-- Try it --
All the lines below need retyping exactly, apart from the images.

Data excerpts:
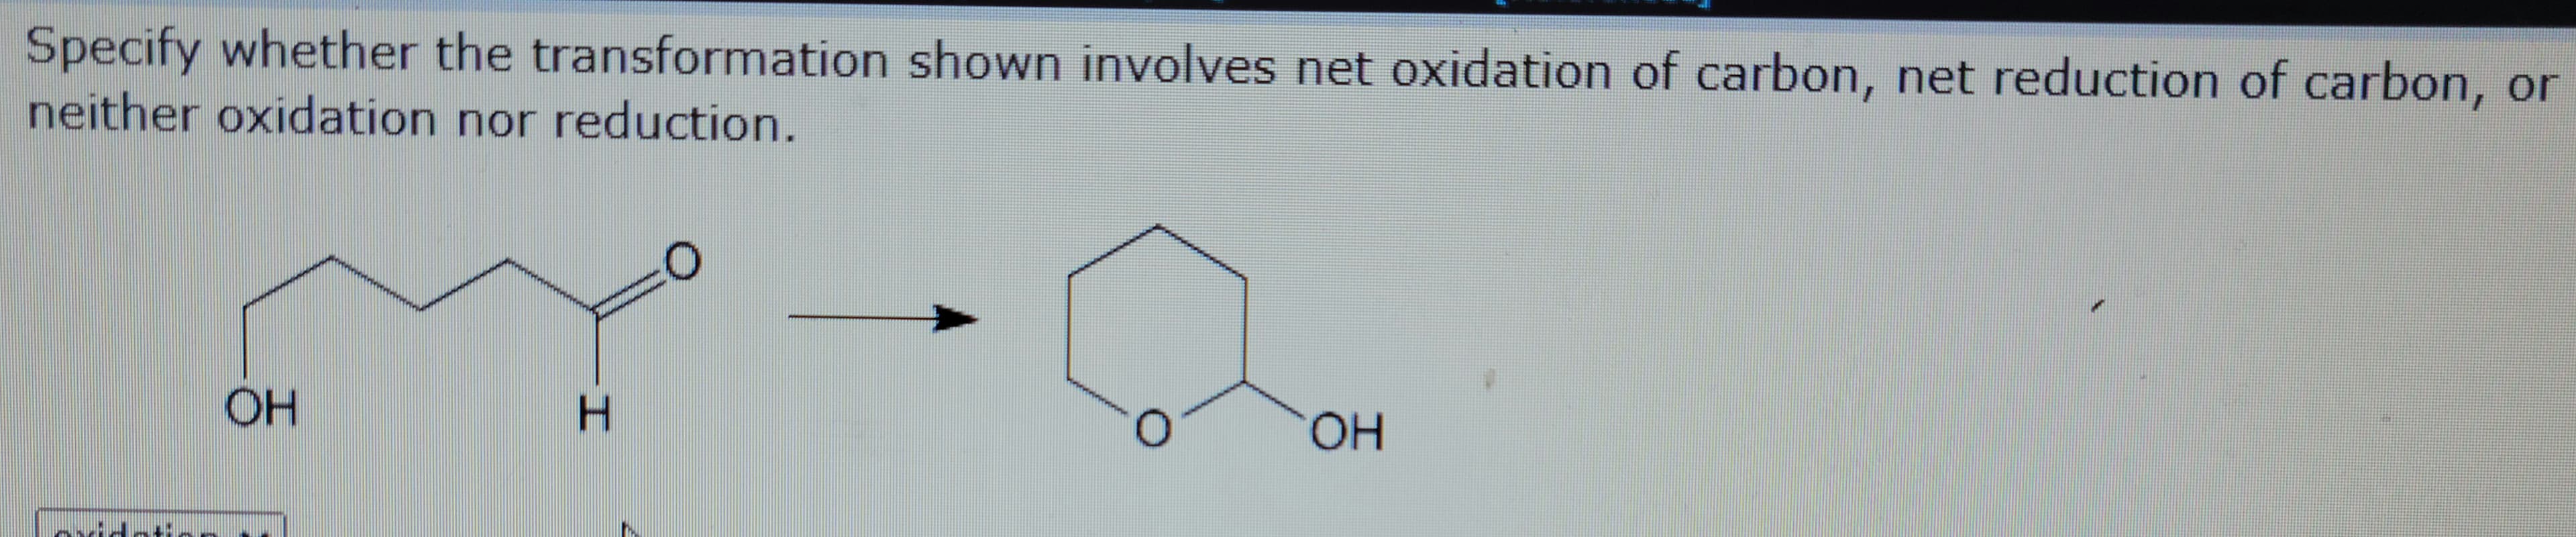 Specify whether the transformation shown involves net oxidation of carbon, net reduction of carbon, or
neither oxidation nor reduction.
OH
H
O
F
OH

-- Final answer --
 Specify whether the transformation shown involves net oxidation of carbon, net reduction of carbon, or
neither oxidation nor reduction.
OH
H
O
F
OH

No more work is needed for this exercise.